From 07c3183c99771b61e0b2d6ce12ca08d4f543055a Mon Sep 17 00:00:00 2001
From: Adam Ling <adam.ling@snowflake.com>
Date: Fri, 17 Apr 2026 11:35:50 -0700
Subject: [PATCH 6/9] bug fix

---
 .../_internal/analyzer/metadata_utils.py      | 28 ++++++++++++-------
 tests/unit/test_metadata_utils.py             | 26 ++++++++++++++---
 2 files changed, 40 insertions(+), 14 deletions(-)

diff --git a/src/snowflake/snowpark/_internal/analyzer/metadata_utils.py b/src/snowflake/snowpark/_internal/analyzer/metadata_utils.py
index db45f5794b..1c67635eb5 100644
--- a/src/snowflake/snowpark/_internal/analyzer/metadata_utils.py
+++ b/src/snowflake/snowpark/_internal/analyzer/metadata_utils.py
@@ -1,6 +1,7 @@
 #
 # Copyright (c) 2012-2025 Snowflake Computing Inc. All rights reserved.
 #
+from collections import Counter
 from enum import Enum
 from dataclasses import dataclass
 from typing import TYPE_CHECKING, DefaultDict, Dict, List, Optional, Union
@@ -98,11 +99,15 @@ def _extract_inferable_attribute_names(
     if attributes is None:
         return None, None
 
-    from_attr_map = {a.name: a for a in from_attributes} if from_attributes else {}
-    assert not from_attributes or len(from_attr_map) == len(from_attributes), (
-        f"Unexpected duplicate column names in from_attributes: "
-        f"{[a.name for a in from_attributes]}"
-    )
+    # For Alias(Attribute(...), ...), we copy the parent's type from from_attributes by
+    # quoted name.
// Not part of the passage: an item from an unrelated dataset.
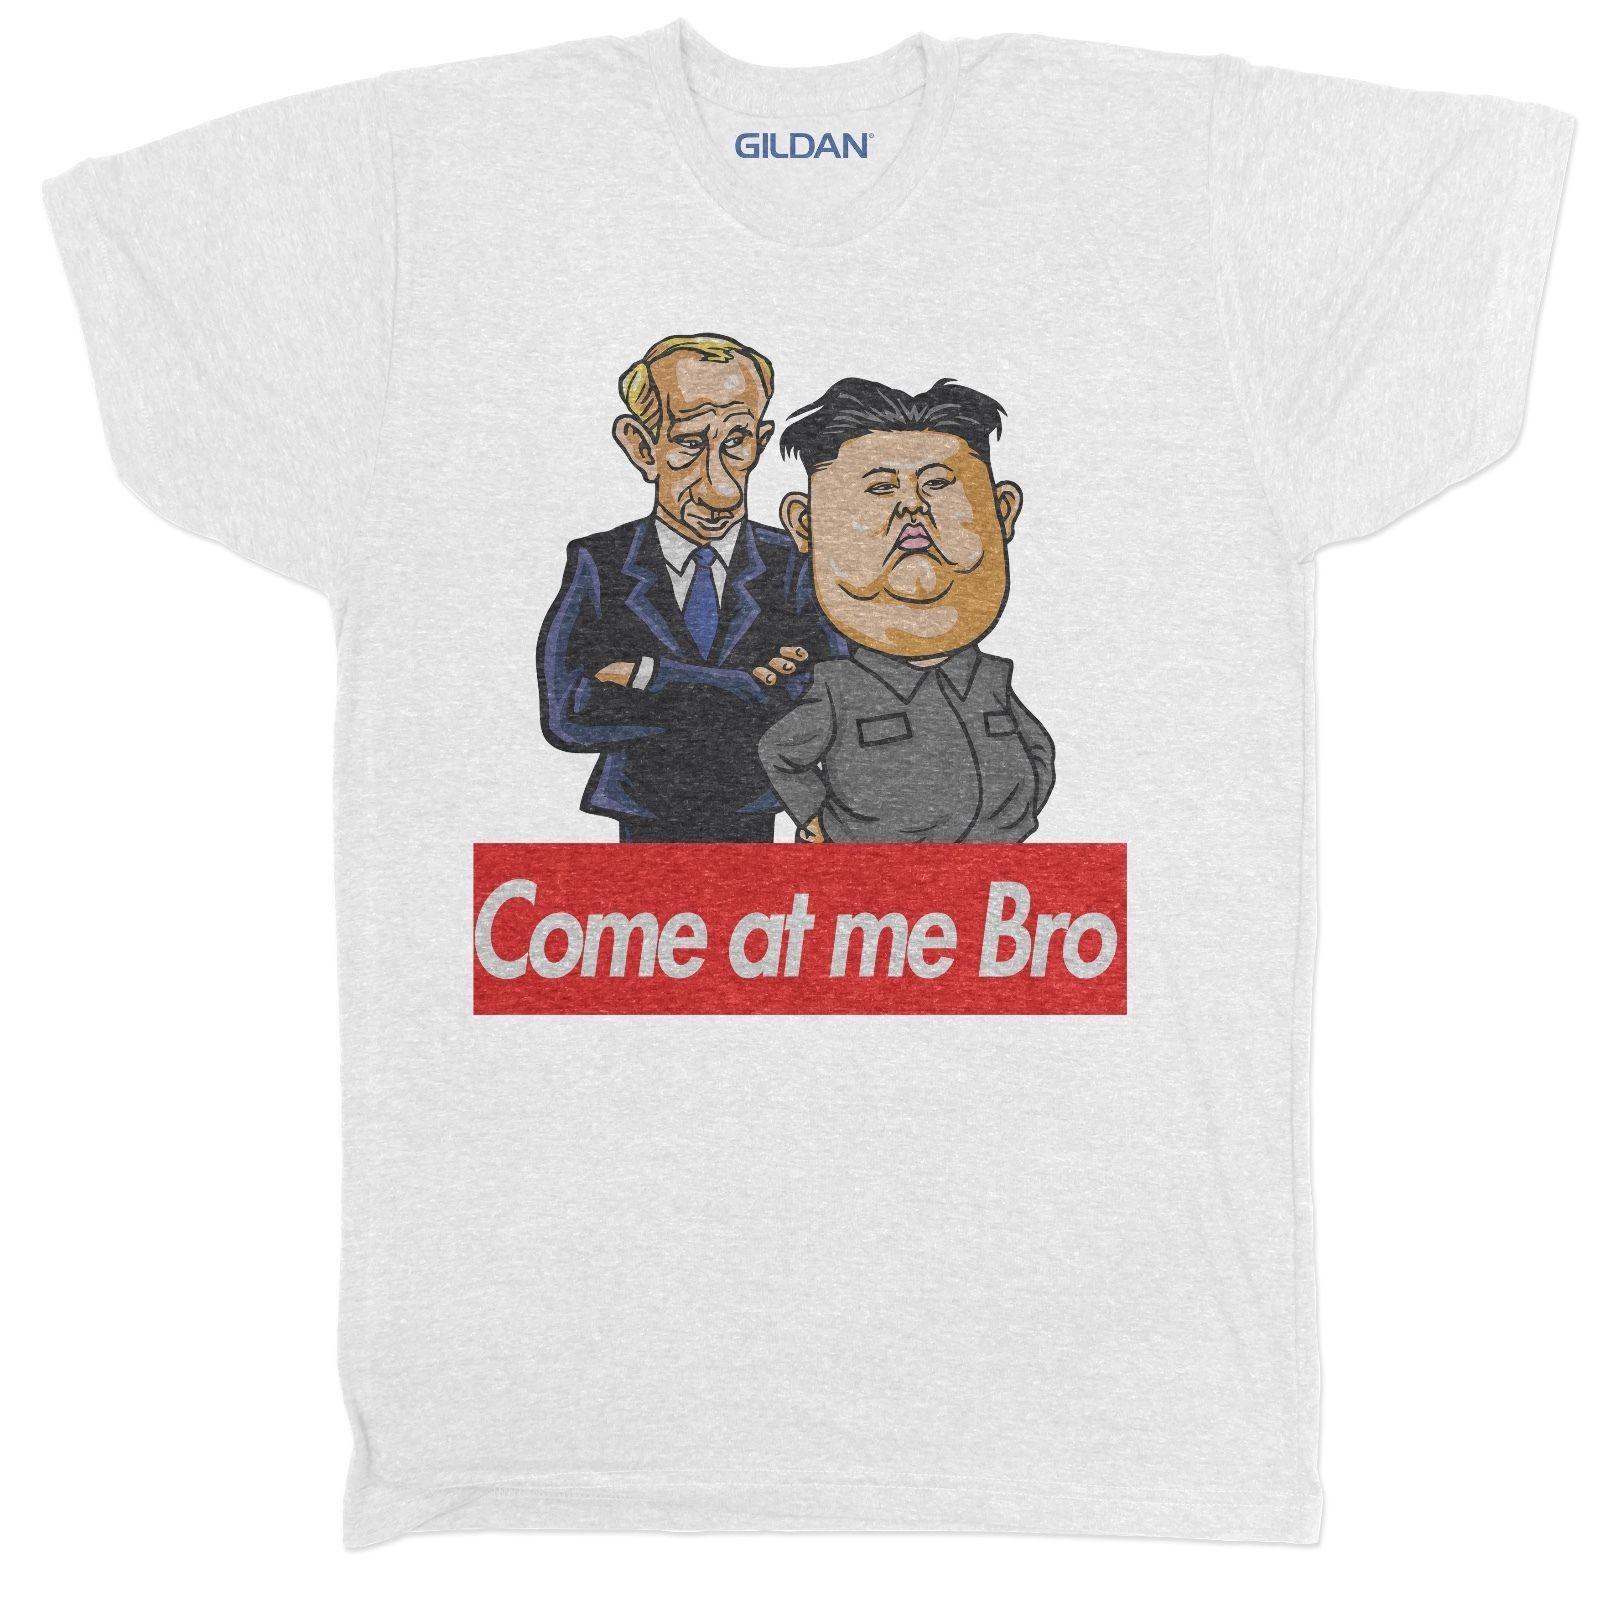 cd586ae64 VLADIMIR PUTIN KIM JONG UN COME AT ME PRESIDENT TRUMP MOVIE FILM Cotton Men T  Shirts Classical Comfortable Fabric Crazy T Shirts Designs Ridiculous T  Shirt ...

That is only defined when that name appears once in FROM; if it appears
+    # more than once (e.g. table-function column overlap), name lookup is ambiguous — in
+    # that case we fail inference only when we actually need that lookup (see below).
+    name_counts: Counter[str] = Counter()
+    from_attr_map: Dict[str, Attribute] = {}
+    if from_attributes:
+        name_counts = Counter(a.name for a in from_attributes)
+        from_attr_map = {a.name: a for a in from_attributes if name_counts[a.name] == 1}
 
     expected_attributes = []
     resolved_in_order = []
@@ -115,11 +120,14 @@ def _extract_inferable_attribute_names(
         if isinstance(attr, Alias):
             # In the SQL simplifier model, a SelectStatement's projection can only
             # reference columns from its FROM clause.  So attr.child (an Attribute)
-            # is always a reference to a column in from_attributes, and the name-based
-            # lookup is safe because from_attributes names are unique (asserted above).
-            if isinstance(attr.child, Attribute) and attr.child.name in from_attr_map:
-                parent = from_attr_map[attr.child.name]
-                attr = Attribute(attr.name, parent.datatype, parent.nullable)
+            # is usually a reference to a column in from_attributes; parent types are
+            # merged by name when that name is unique in FROM.
+            if isinstance(attr.child, Attribute):
+                if name_counts[attr.child.name] > 1:
+                    return None, None
+                if attr.child.name in from_attr_map:
+                    parent = from_attr_map[attr.child.name]
+                    attr = Attribute(attr.name, parent.datatype, parent.nullable)
             elif (
                 isinstance(attr.child, Cast)
                 and type(attr.child.to) is not DataType
diff --git a/tests/unit/test_metadata_utils.py b/tests/unit/test_metadata_utils.py
index a20a89ea07..a322504ecd 100644
--- a/tests/unit/test_metadata_utils.py
+++ b/tests/unit/test_metadata_utils.py
@@ -163,13 +163,31 @@ def test_multiple_cast_types():
     assert resolved[2].datatype == DoubleType()
 
 
-def test_duplicate_from_attributes_raises_assertion():
-    """from_attributes with duplicate names should trigger AssertionError."""
+def test_duplicate_from_attributes_plain_projection_still_resolves():
+    """Duplicate FROM names do not block inference when projection only uses plain
+    Attributes (no ambiguous name-based parent lookup for Alias)."""
     projection = [Attribute('"A"', IntegerType())]
     from_attributes = [
         Attribute('"X"', IntegerType()),
         Attribute('"X"', StringType()),
+        Attribute('"A"', StringType()),
     ]
 
-    with pytest.raises(AssertionError, match="Unexpected duplicate column names"):
-        _extract_inferable_attribute_names(projection, from_attributes)
+    expected, resolved = _extract_inferable_attribute_names(projection, from_attributes)
+    assert resolved is not None
+    assert len(resolved) == 1
+    assert resolved[0].name == '"A"'
+
+
+def test_duplicate_from_attributes_alias_child_ambiguous_returns_none():
+    """Alias(Attribute) cannot inherit type by name when that name is duplicated in FROM."""
+    projection = [
+        Alias(Attribute('"X"', DataType()), '"Y"'),
+    ]
+    from_attributes = [
+        Attribute('"X"', IntegerType()),
+        Attribute('"X"', StringType()),
+    ]
+
+    expected, resolved = _extract_inferable_attribute_names(projection, from_attributes)
+    assert (expected, resolved) == (None, None)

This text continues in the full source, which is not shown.